__DATA SECTION__:
:::::
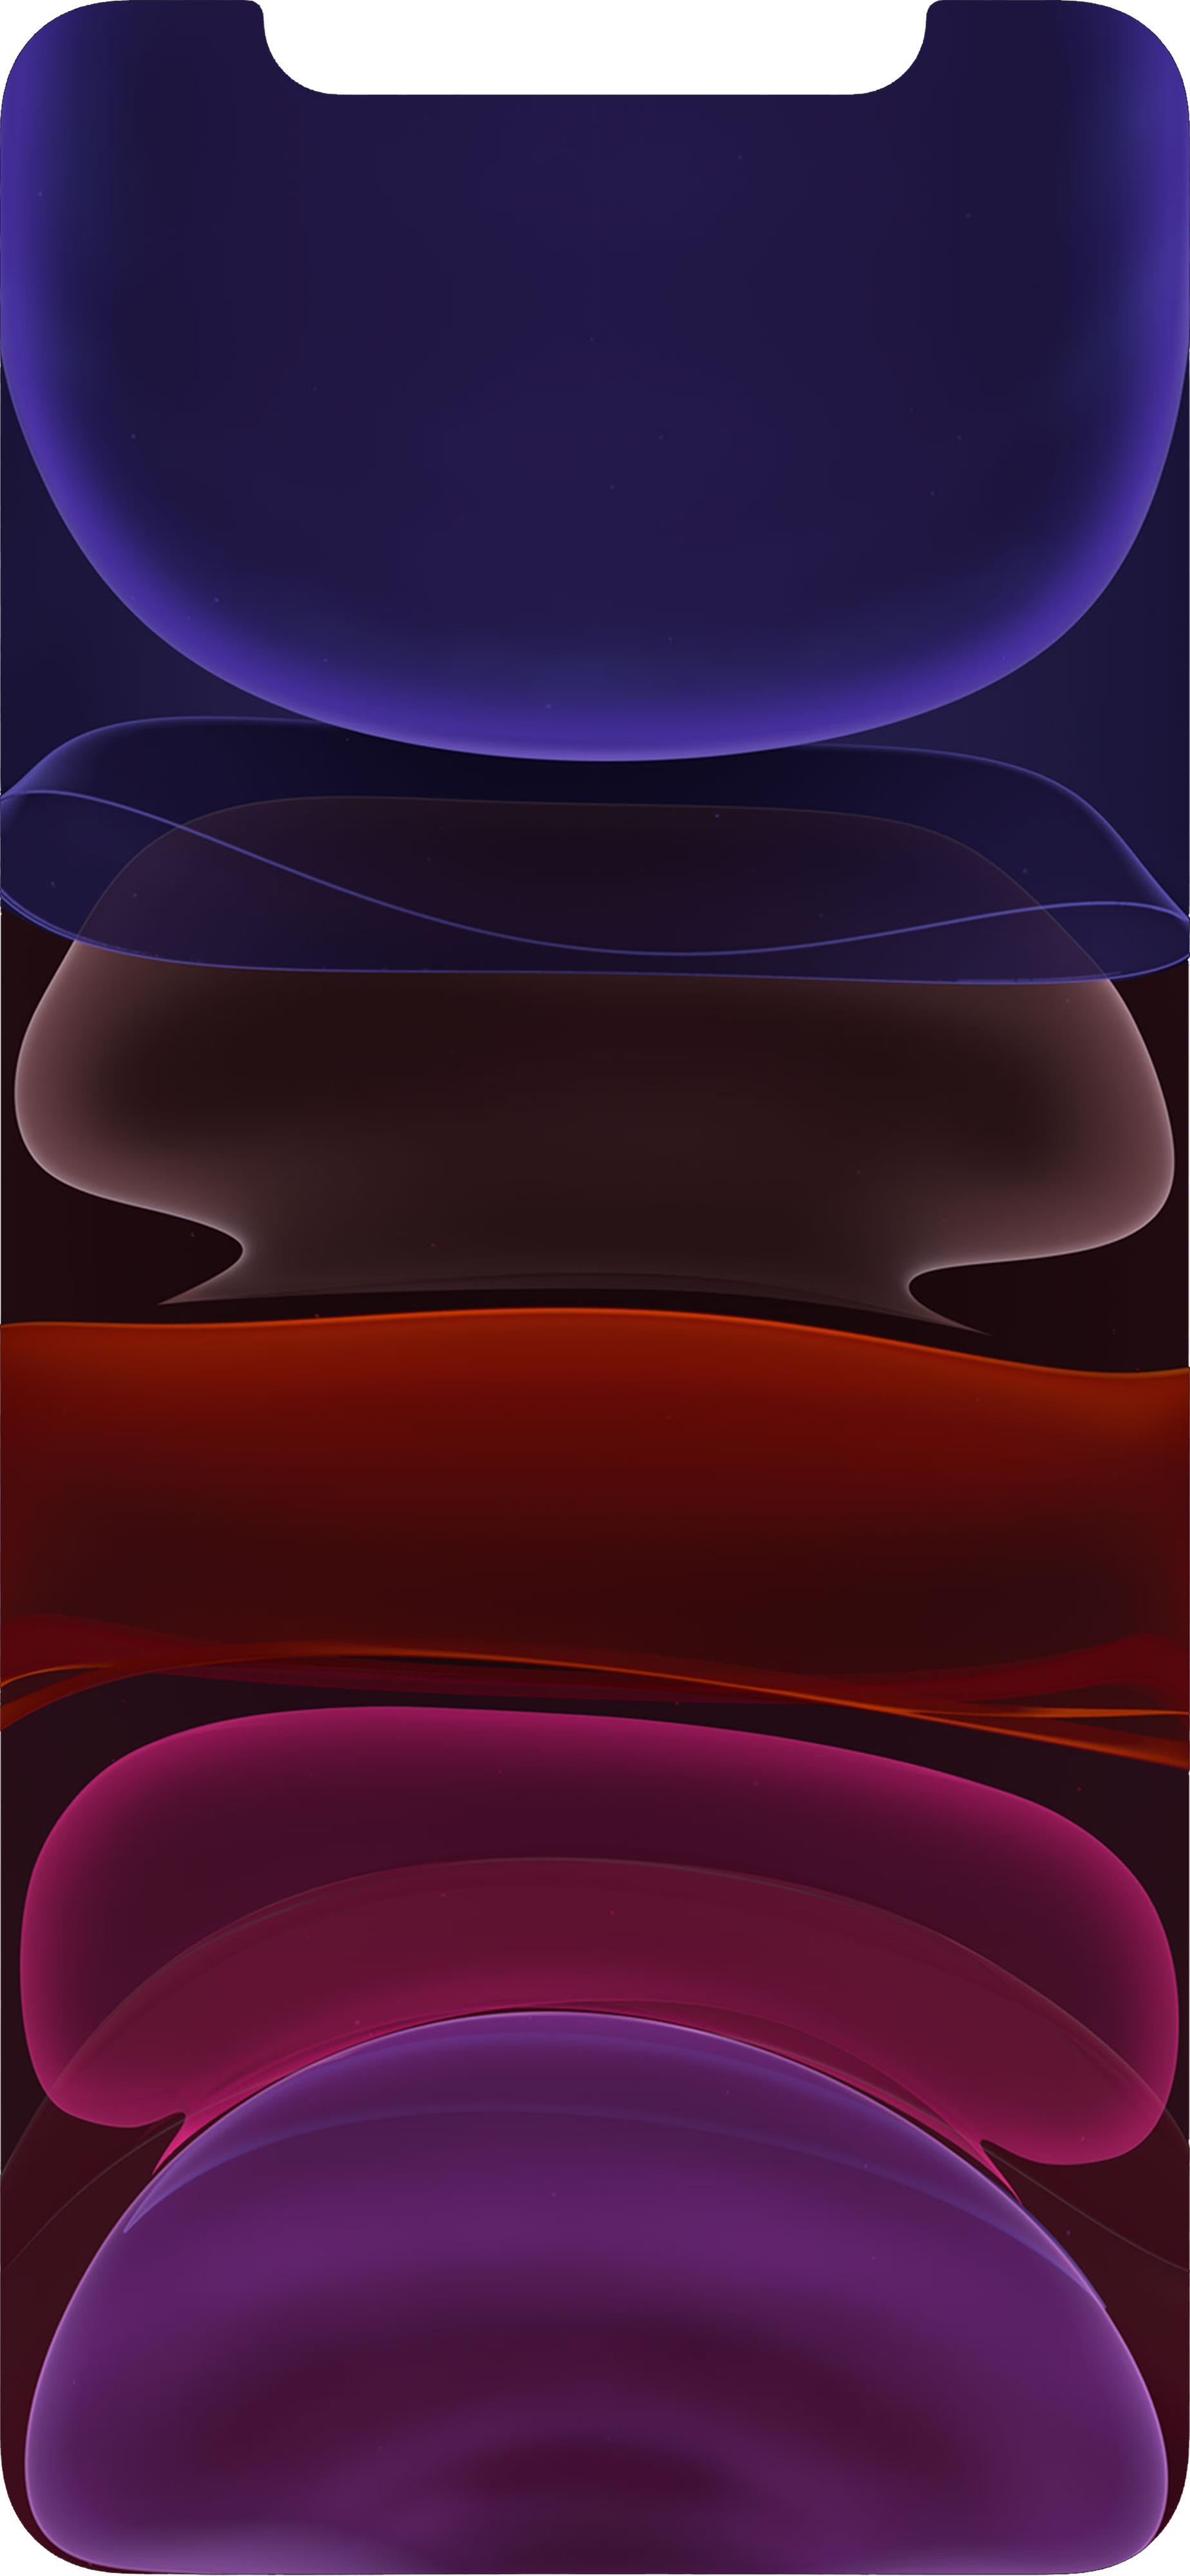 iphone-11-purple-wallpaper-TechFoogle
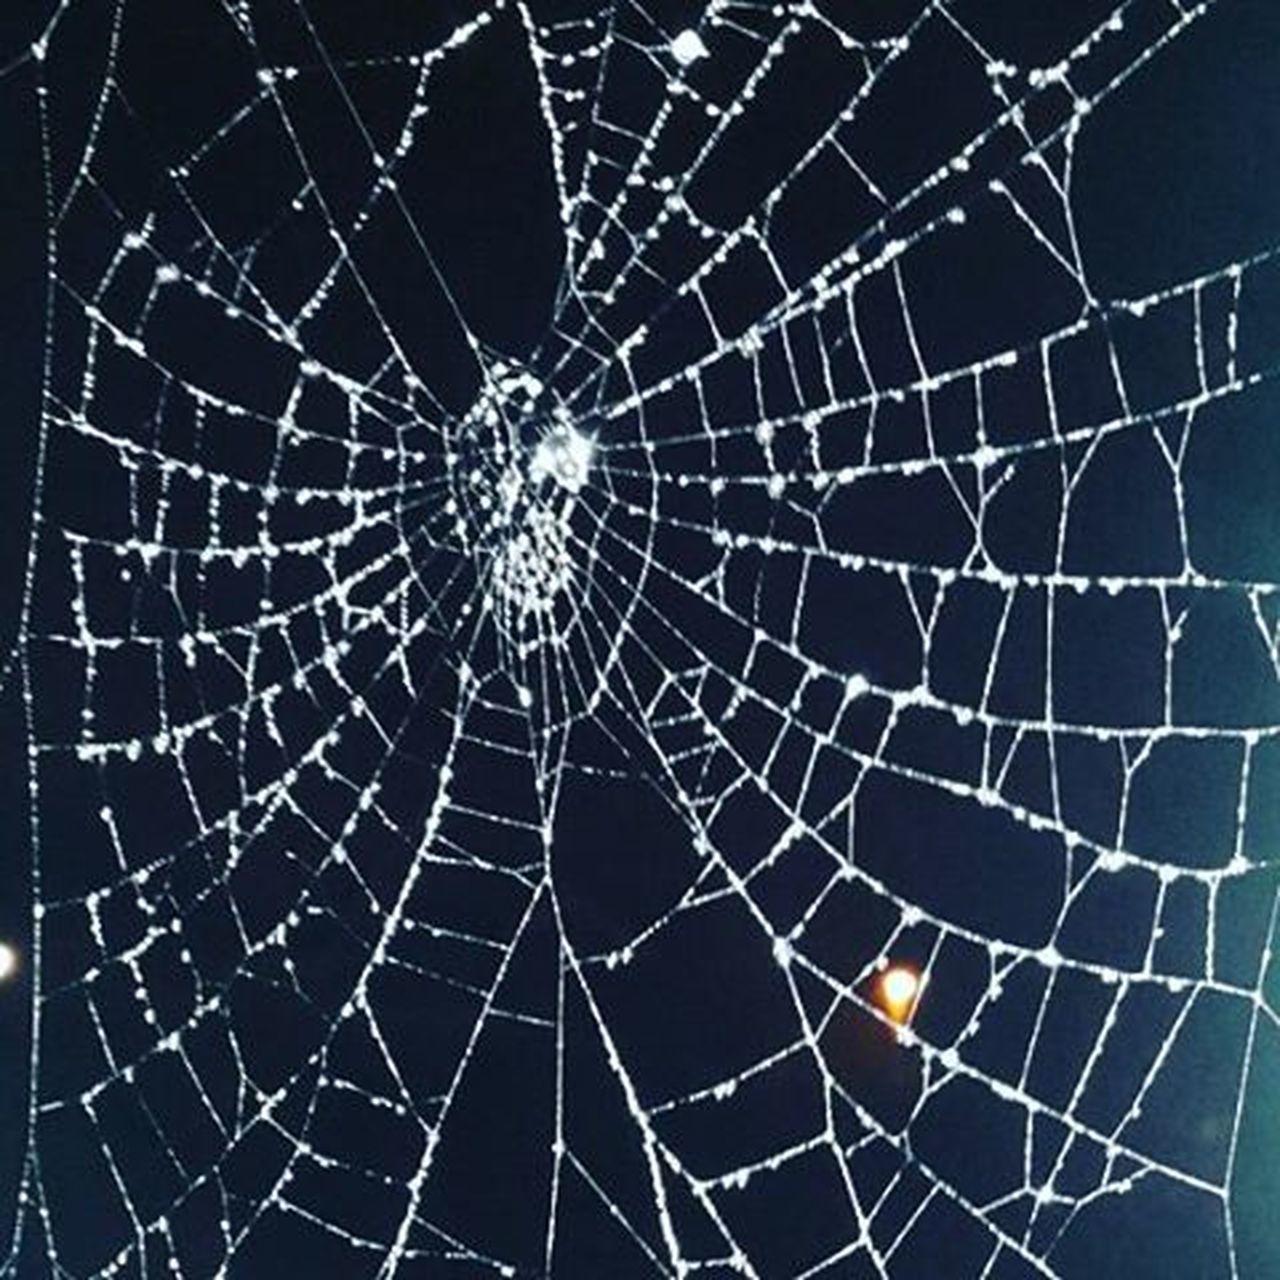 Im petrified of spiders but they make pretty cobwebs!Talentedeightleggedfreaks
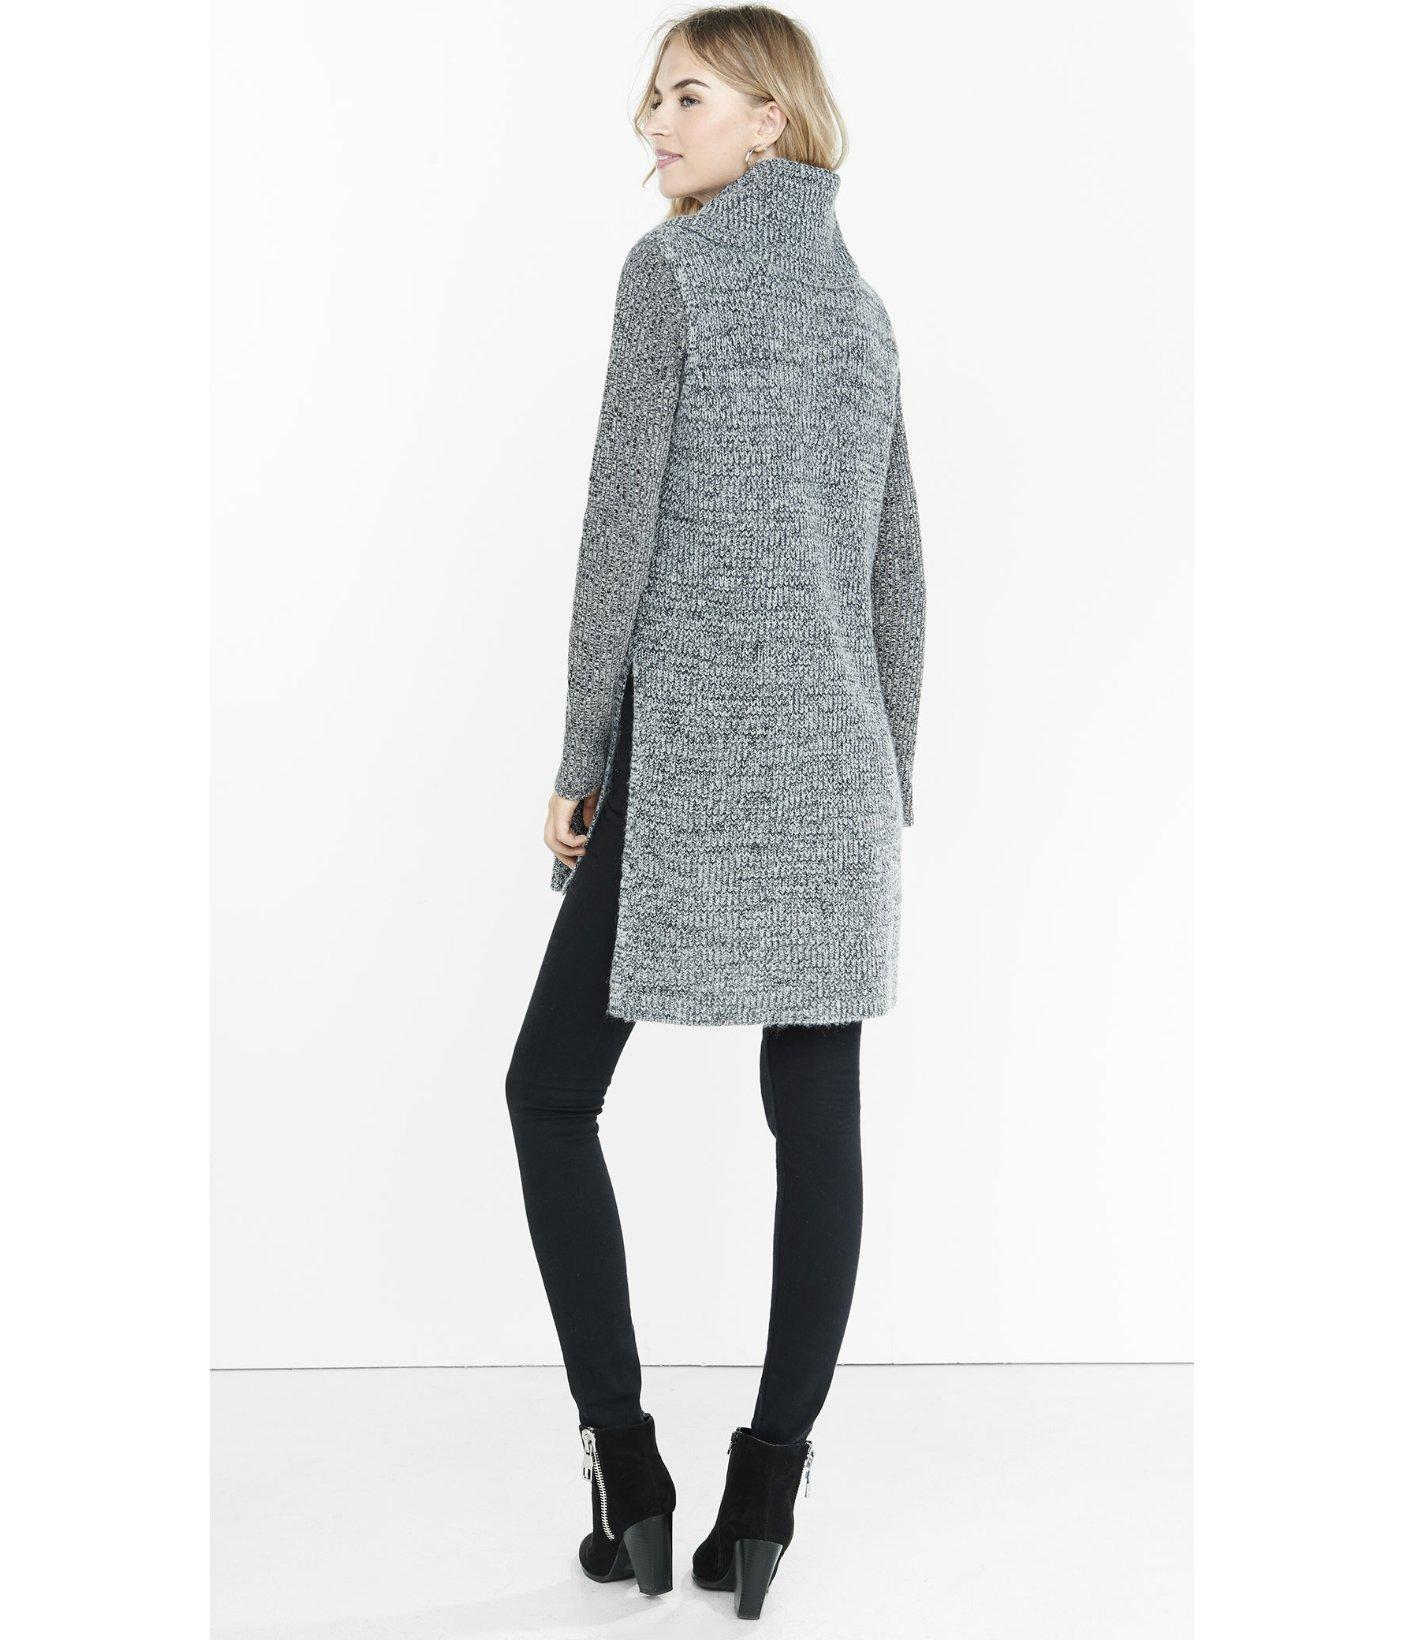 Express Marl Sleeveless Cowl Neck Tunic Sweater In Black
:::::
Retype all the data exactly. Omit pictures.

 iphone-11-purple-wallpaper-TechFoogle
 Im petrified of spiders but they make pretty cobwebs!Talentedeightleggedfreaks
 Express Marl Sleeveless Cowl Neck Tunic Sweater In Black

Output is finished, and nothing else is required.